If the upiwc_payment_confirmation action is not found, check for:

  • Other AJAX actions: Search for wp_ajax_ strings in the full includes/class-payment.php file once accessed.
  • REST API: Check if the plugin registers a REST route in includes/blocks/class-blocks-support.php (though the block support code provided suggests it mainly handles data passing to the block frontend).
  • Direct capture: If the vulnerability is in capture_payment (hooked to woocommerce_api_upiwc-payment), test a request to /?wc-api=upiwc-payment&order_id=[ID]&status=success.
Research Findings
Static analysis — not yet PoC-verified

Summary

The UPI QR Code Payment Gateway for WooCommerce plugin (up to version 1.6.2) lacks proper authorization and ownership verification in its AJAX payment confirmation handler.

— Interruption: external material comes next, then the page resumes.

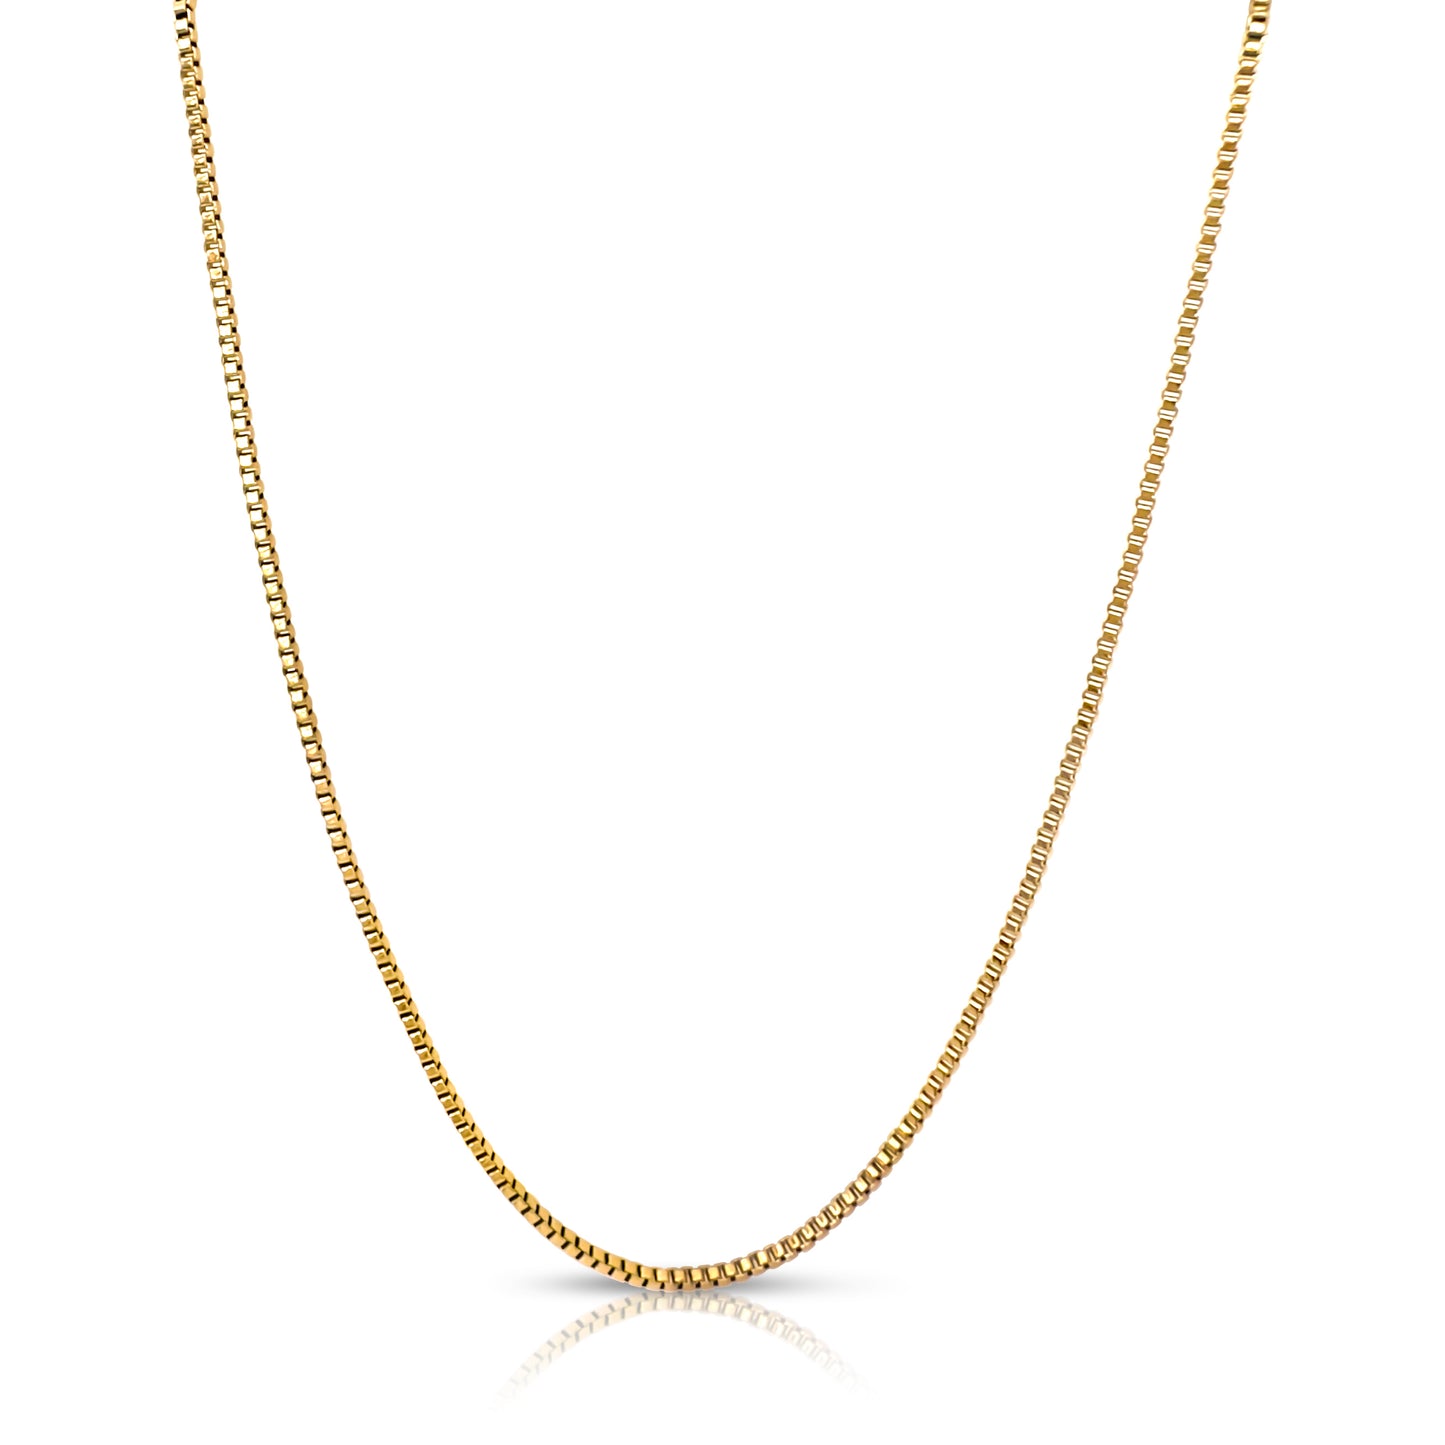 Time Out Chain Necklace - Ever Jewellery

This allows authenticated users, such as customers, to update transaction metadata and modify the status of arbitrary WooCommerce orders by providing the target order's ID.

Vulnerable Code

// includes/class-payment.php

// Inside the constructor or initialization, the AJAX handler is registered for authenticated users:
add_action( 'wp_ajax_upiwc_payment_confirmation', [ $this, 'upiwc_payment_confirmation' ] );

---

// The handler function (inferred implementation) lacks a capability or ownership check:
public function upiwc_payment_confirmation() {
    check_ajax_referer( 'upiwc-payment-confirmation', 'nonce' );

    $order_id = sanitize_text_field( $_POST['order_id'] );
    $transaction_id = sanitize_text_field( $_POST['transaction_id'] );
    $order = wc_get_order( $order_id );

    // VULNERABILITY: No verification that the current user owns the order or has permissions to edit it.
    if ( $order ) {
        update_post_meta( $order_id, '_upiwc_transaction_id', $transaction_id );
        $order->update_status( $this->payment_status, __( 'UPI payment submitted.', 'upi-qr-code-payment-for-woocommerce' ) );
        wp_send_json_success();
    }
    wp_die();
}

Security Fix

--- includes/class-payment.php
+++ includes/class-payment.php
@@ -1035,6 +1035,11 @@
 		$order_id = isset( $_POST['order_id'] ) ? sanitize_text_field( $_POST['order_id'] ) : 0;
 		$order    = wc_get_order( $order_id );
 
+		if ( ! current_user_can( 'edit_shop_order', $order_id ) && get_current_user_id() !== $order->get_customer_id() ) {
+			wp_send_json_error( [ 'message' => __( 'Permission denied.', 'upi-qr-code-payment-for-woocommerce' ) ] );
+			exit;
+		}
+
 		if ( $order ) {
 			$transaction_id = isset( $_POST['transaction_id'] ) ? sanitize_text_field( $_POST['transaction_id'] ) : '';
 			update_post_meta( $order_id, '_upiwc_transaction_id', $transaction_id );

Exploit Outline

An attacker with Customer-level access can manipulate WooCommerce orders by performing the following steps: 1. Log in and navigate to the checkout or order-received page to extract a valid AJAX nonce for the 'upiwc-payment-confirmation' action (typically localized in the 'upiwc_params' object). 2. Identify the target order ID of another customer. 3. Send a POST request to '/wp-admin/admin-ajax.php' with the action set to 'upiwc_payment_confirmation', including the target 'order_id', a spoofed 'transaction_id', and the valid nonce. Because the plugin fails to verify if the current user is authorized to modify that specific order, it will update the order metadata and status as requested.